Я заметил, что Лидия Михайловна покраснела и смутилась. Это был тот единственный, очевидно, случай, когда я не боялся смотреть ей прямо в глаза. Мне было наплевать, учительница она или моя троюродная тетка. Тут спрашивал я, а не она, и спрашивал не на французском, а на русском языке, без всяких артиклей. Пусть отвечает.
— Почему ты решил, что это я?
— Потому что у нас там не бывает никаких макарон. И гематогену не бывает.
— Как! Совсем не бывает?! — Она изумилась так искренне, что выдала себя с головой.

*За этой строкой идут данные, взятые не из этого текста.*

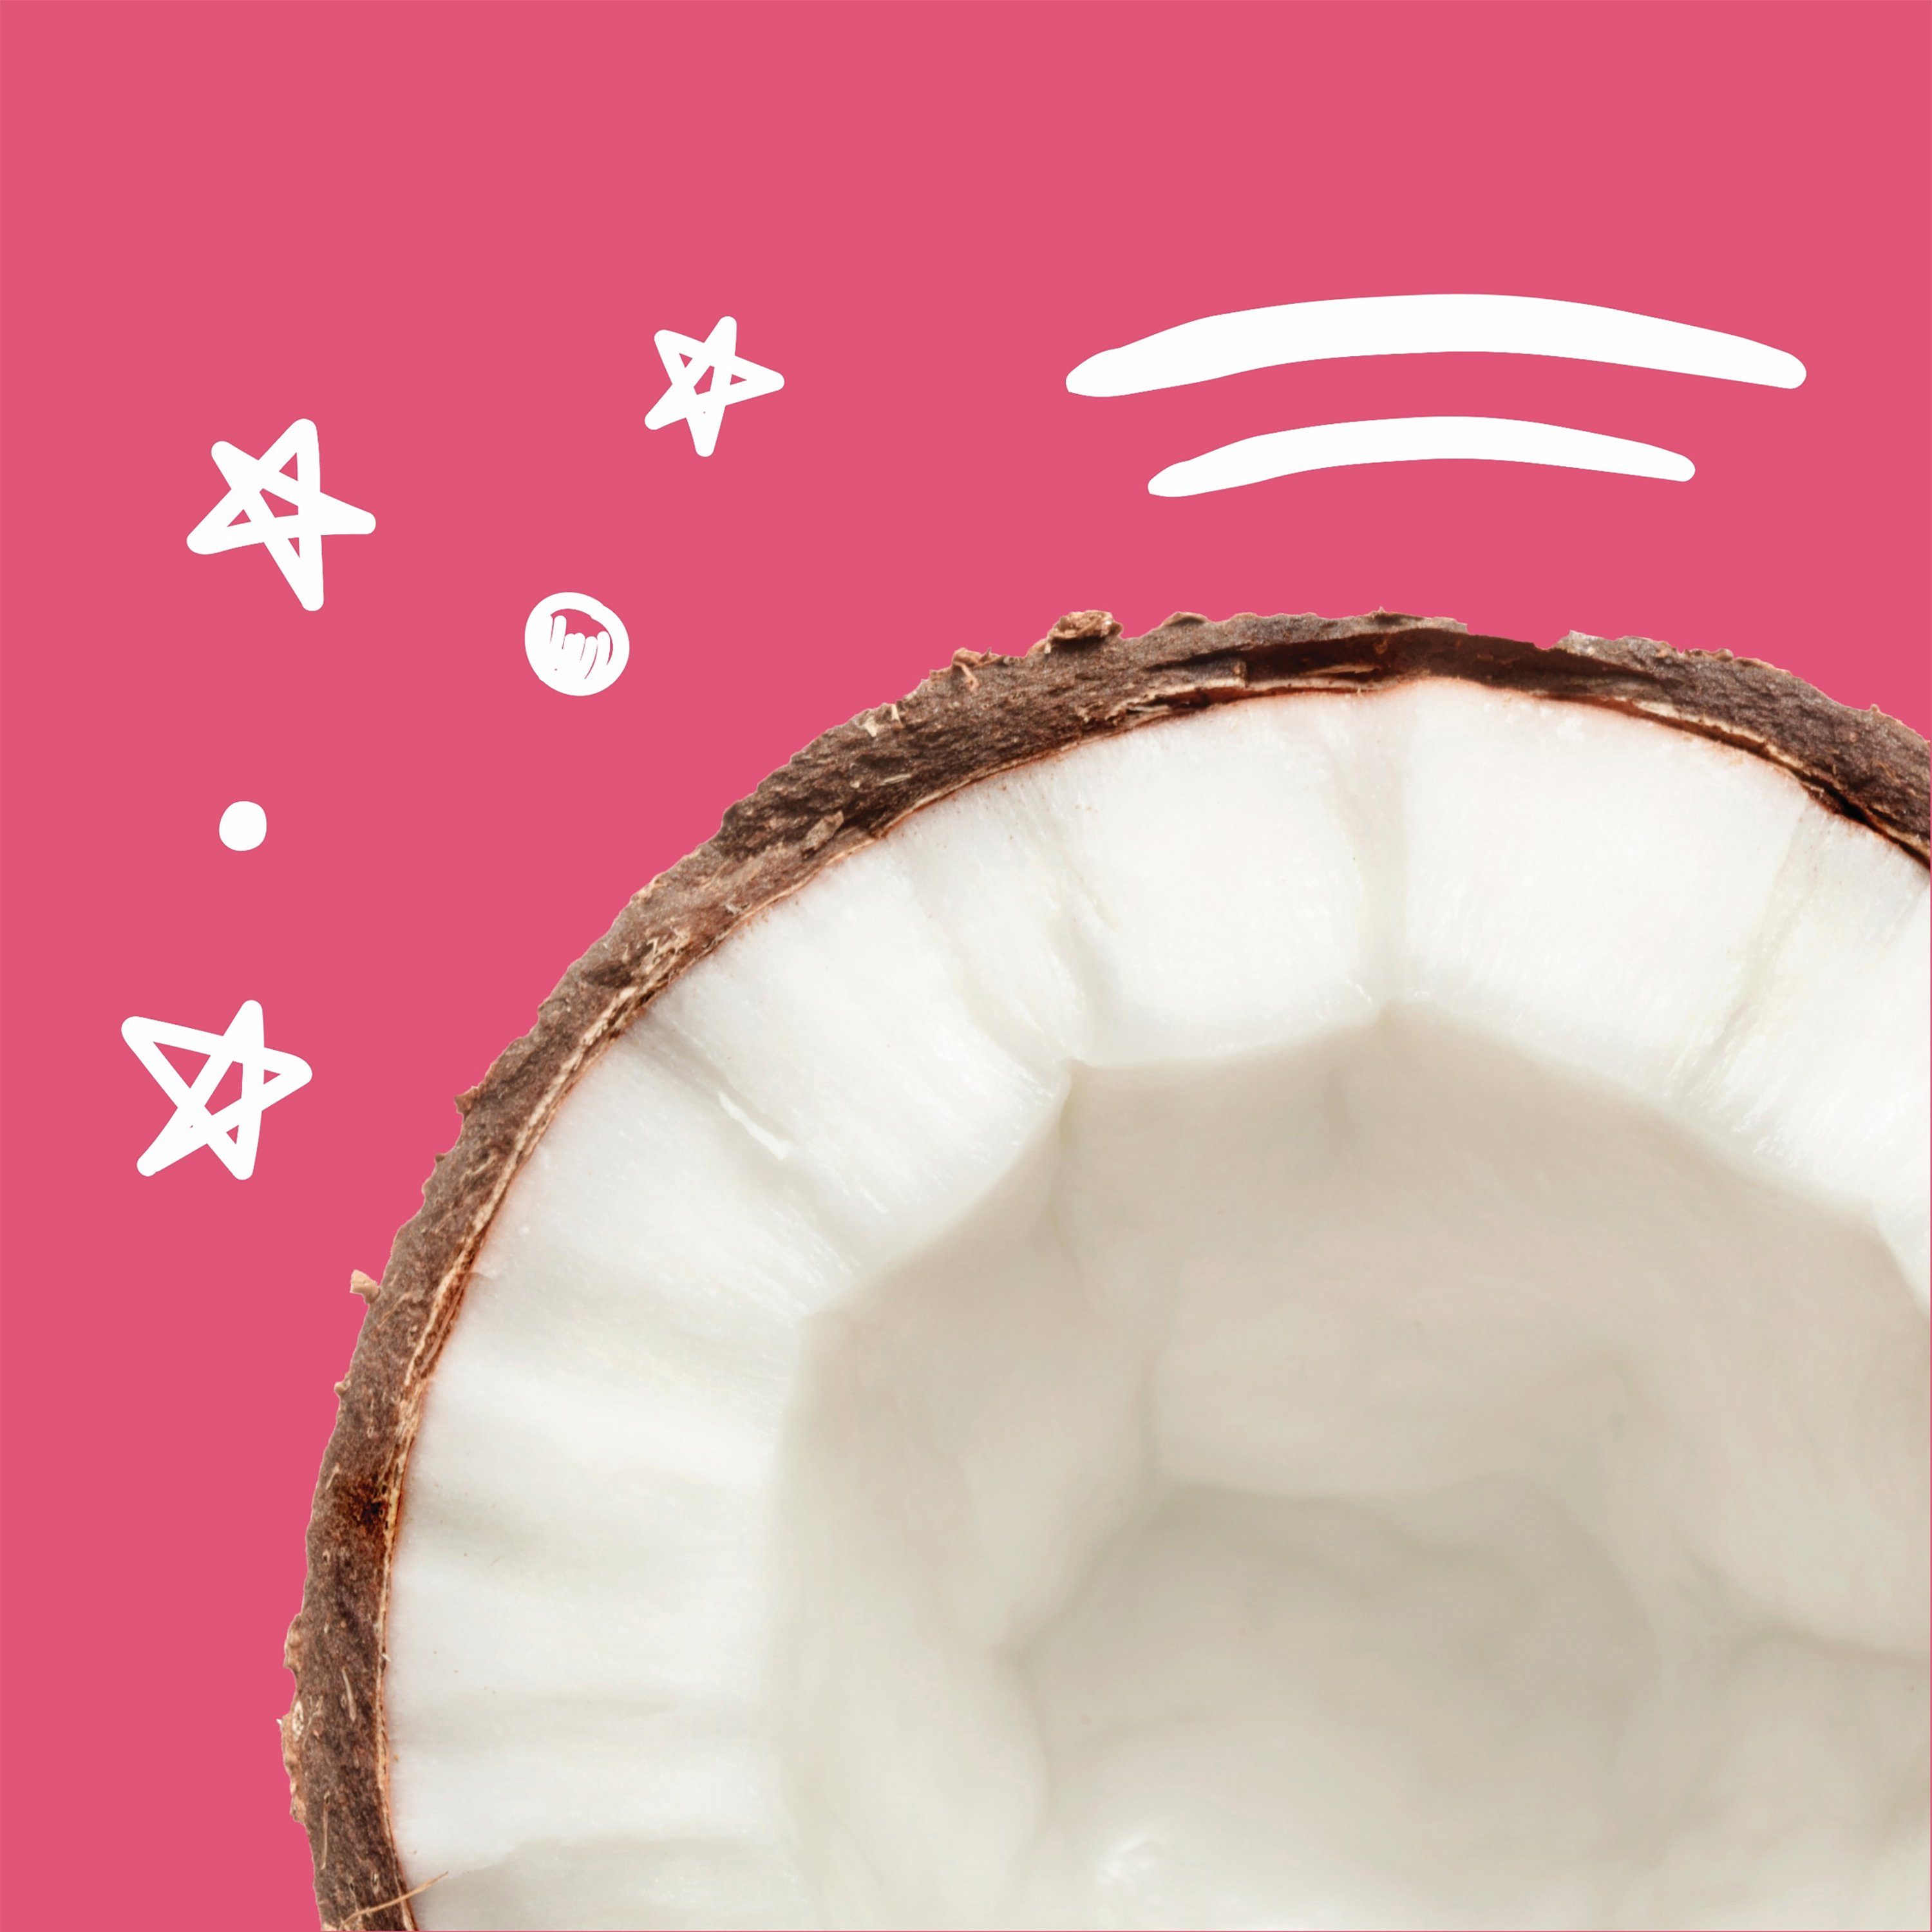 + Haarkur Hair cap Bear - mask Fruits Coconut

— Совсем не бывает. Знать надо было.
Лидия Михайловна вдруг засмеялась и попыталась меня обнять, но я отстранился. от нее.
— Действительно, надо было знать. Как же это я так?! — Она на минутку задумалась. — Но тут и догадаться трудно было — честное слово! Я же городской человек. Совсем, говоришь, не бывает? Что же у вас тогда бывает?

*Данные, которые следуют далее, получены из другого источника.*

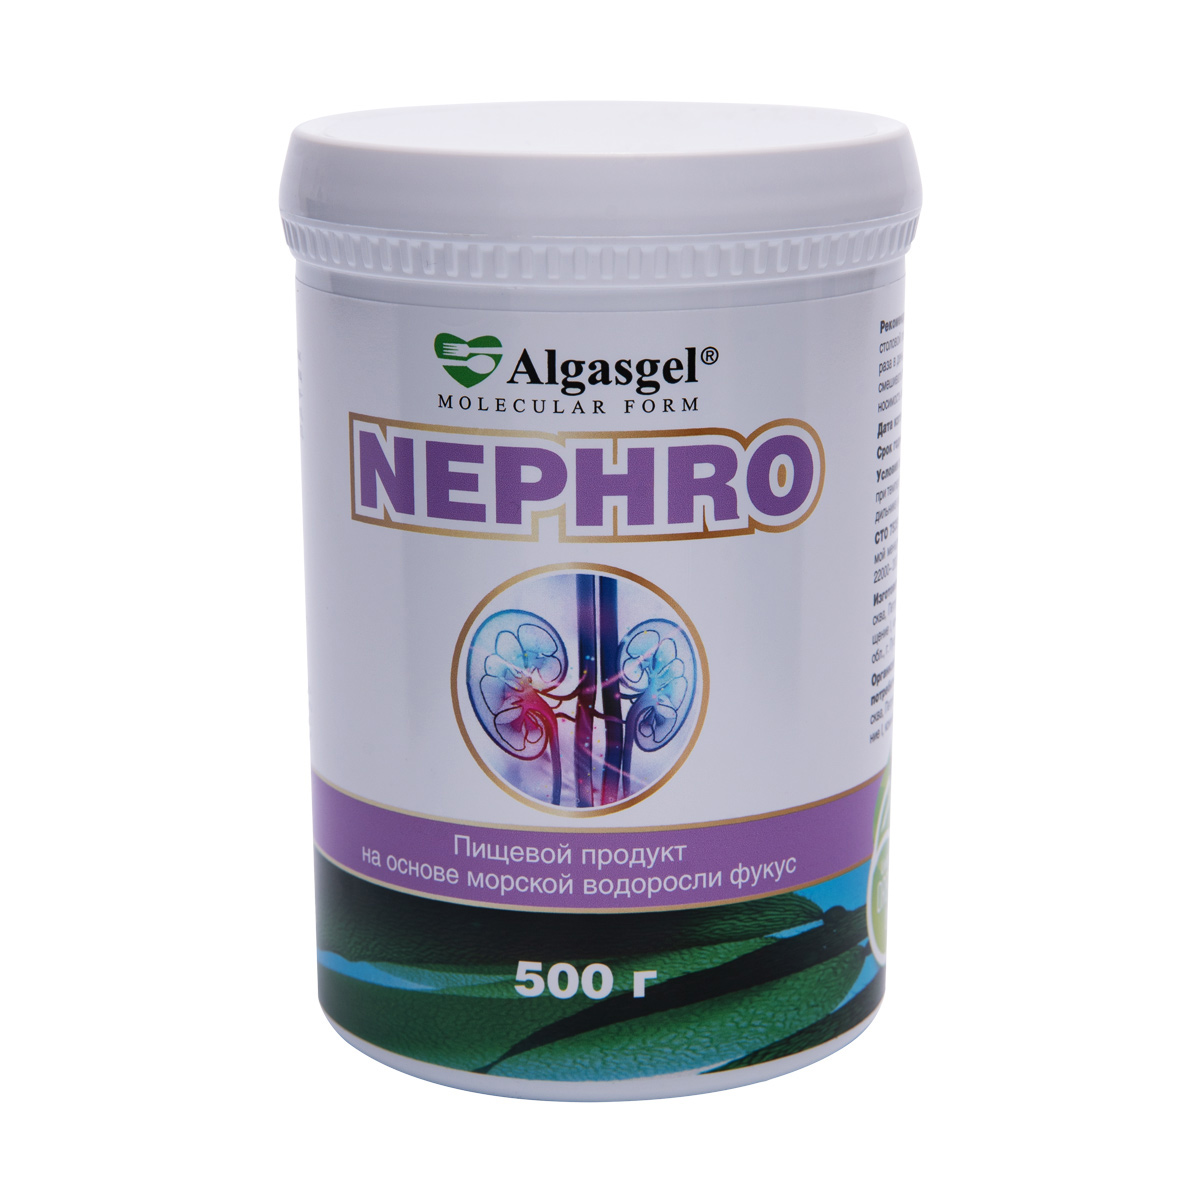 пищевой продукт algasgel glyco 2 шт по 500 г подарок Algasgel Nephro для комплексного оздоровления почек и мочевыделительной системы (500 г)

— Горох бывает. Редька бывает.
— Горох… редька… А у нас на Кубани яблоки бывают. Ох, сколько сейчас там яблок. Я нынче хотела поехать на Кубань, а приехала почему-то сюда. — Лидия Михайловна вздохнула и покосилась на меня. — Не злись. Я же хотела как лучше. Кто знал, что можно попасться на макаронах? Ничего, теперь буду умнее. А макароны эти ты возьми…
— Не возьму, — перебил я ее.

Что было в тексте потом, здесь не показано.